Dix mois plus tard, c’est le dirigeant de Syriza Alexis Tsipras qui mène la campagne pour imposer un nouveau cycle d'austérité soutenu par l'UE. « Nous devons nous serrer la ceinture », a-t-il déclaré cette semaine en présentant son nouveau budget, « pour oser mettre en œuvre les réformes dont le pays a besoin ». Depuis, l'ancien ministre des Finances de Syriza Yanis Varoufakis, qui se qualifie de « marxiste erratique », a fait connaître son admiration pour Margaret Thatcher.
Non seulement les représentants pseudo de gauche des sections les plus privilégiées de la classe moyenne ont été démasqués en Grèce comme les complices de l'austérité, ils ont aussi été les champions des opérations impérialistes au Moyen-Orient. En Syrie, des groupes et des publications telles que l'Organisation Internationale socialiste et International Viewpoint ont justifié sur la base des « droits de l'homme » la campagne de la CIA pour renverser le régime d'Assad en attisant une guerre civile sectaire catastrophique. Reprenant les appels des factions les plus farouchement militaristes de la classe dirigeante américaine, ils critiquent l'administration Obama pour ne pas agir assez vite ou assez agressivement pour évincer Assad.
Un réalignement politique commence à avoir lieu, apportant avec lui une conjonction croissante entre la perspective et le programme défendus par le Comité international de la Quatrième Internationale et la recrudescence des luttes de la classe ouvrière. Aux États-Unis, le WSWS a joué un rôle central dans un mouvement croissant de travailleurs de l'automobile qui luttent pour se débarrasser du poids mort des syndicats et emprunter une voie indépendante. Ceci est un premier signe d’une réorientation de la classe ouvrière à l'échelle mondiale.
La crise grandissante est un symptôme de l’état de désintégration avancé du capitalisme. La question fondamentale est celle-ci: laquelle se développera le plus rapidement de la marche de la classe dirigeante à la barbarie et à la guerre ou de la mobilisation politique indépendante de la classe ouvrière dans la révolution socialiste mondiale?
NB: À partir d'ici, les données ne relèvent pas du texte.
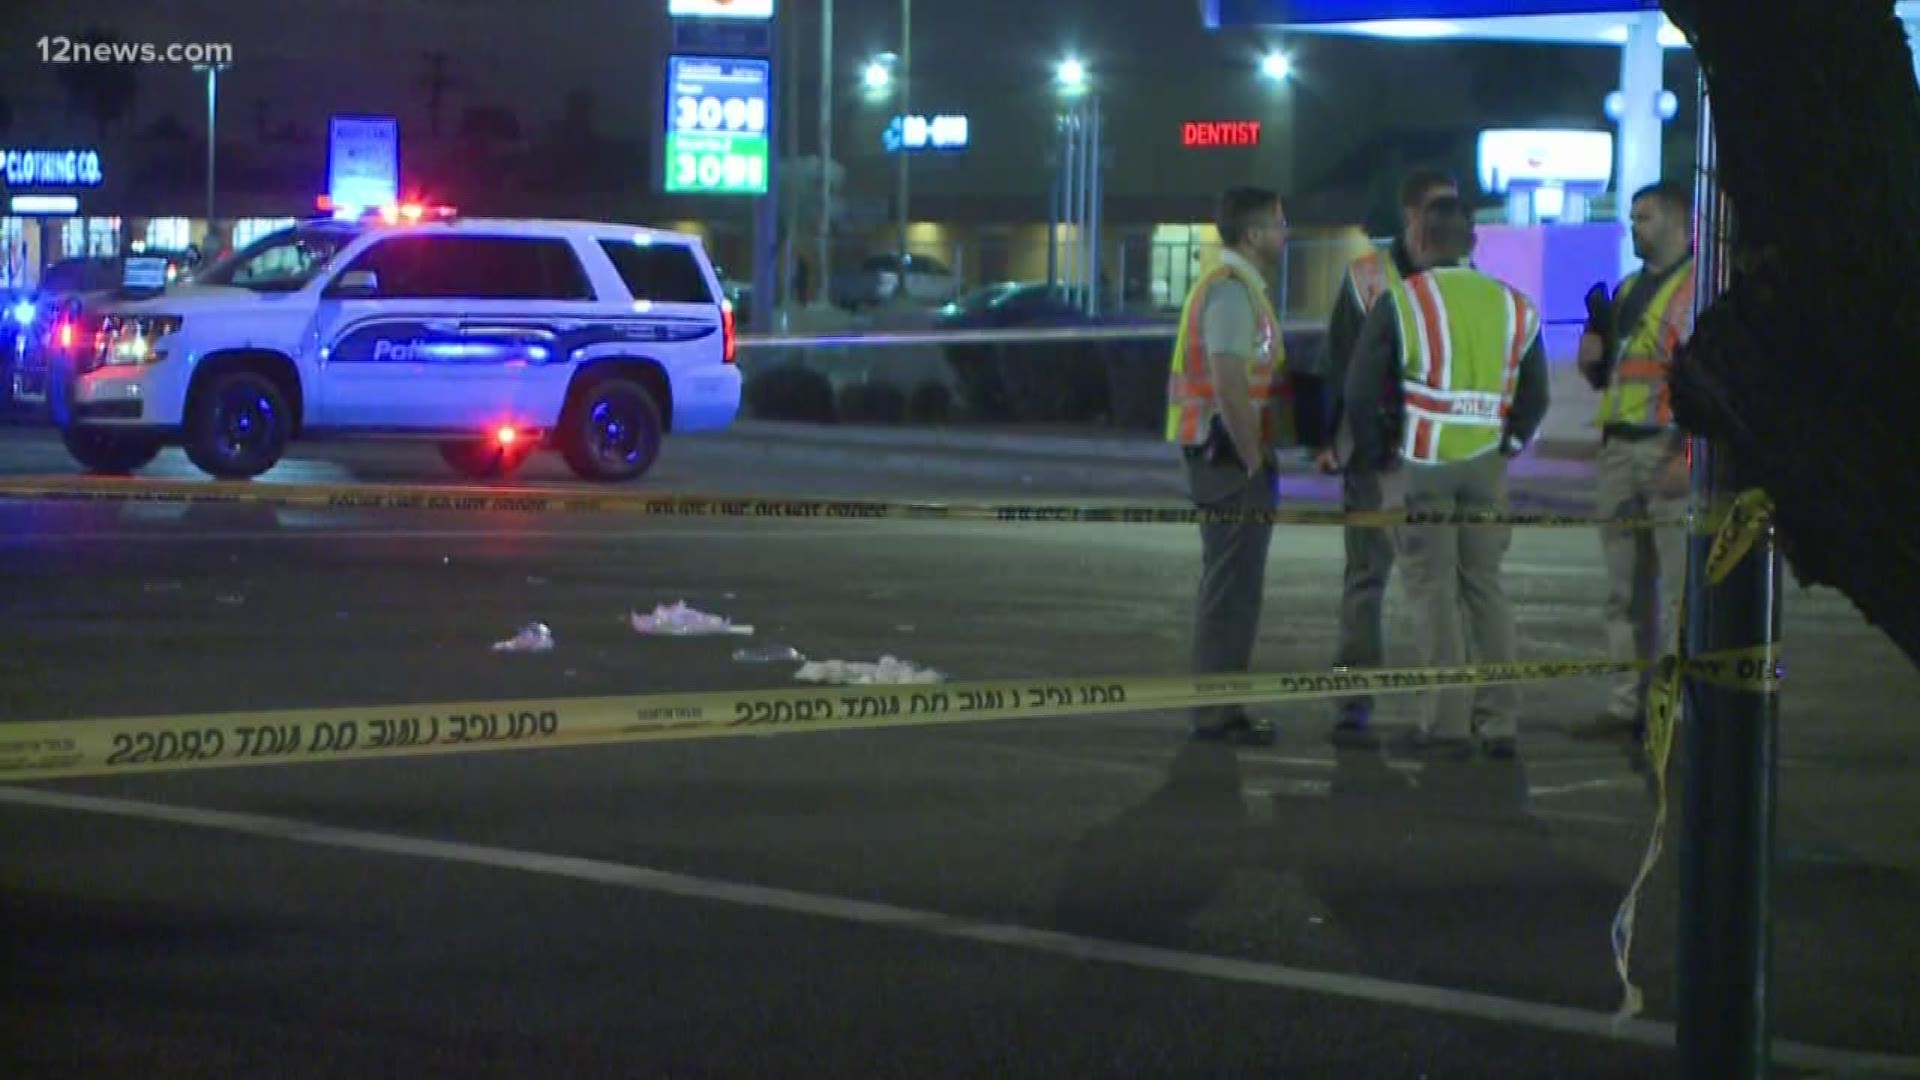 The hit-and-run at 43rd Avenue and Thomas Road  that left a pedestrian in critical condition is the latest in a series of crashes involving pedestrians in Phoenix.

Pour que cette question trouve une réponse qui inaugure une nouvelle étape de l'avenir de l'humanité, il faut que se produise un développement de la conscience politique socialiste dans la classe ouvrière à travers la construction d’une direction révolutionnaire, c’est-à-dire la construction du Comité international de la Quatrième Internationale, parti mondial de la révolution socialiste.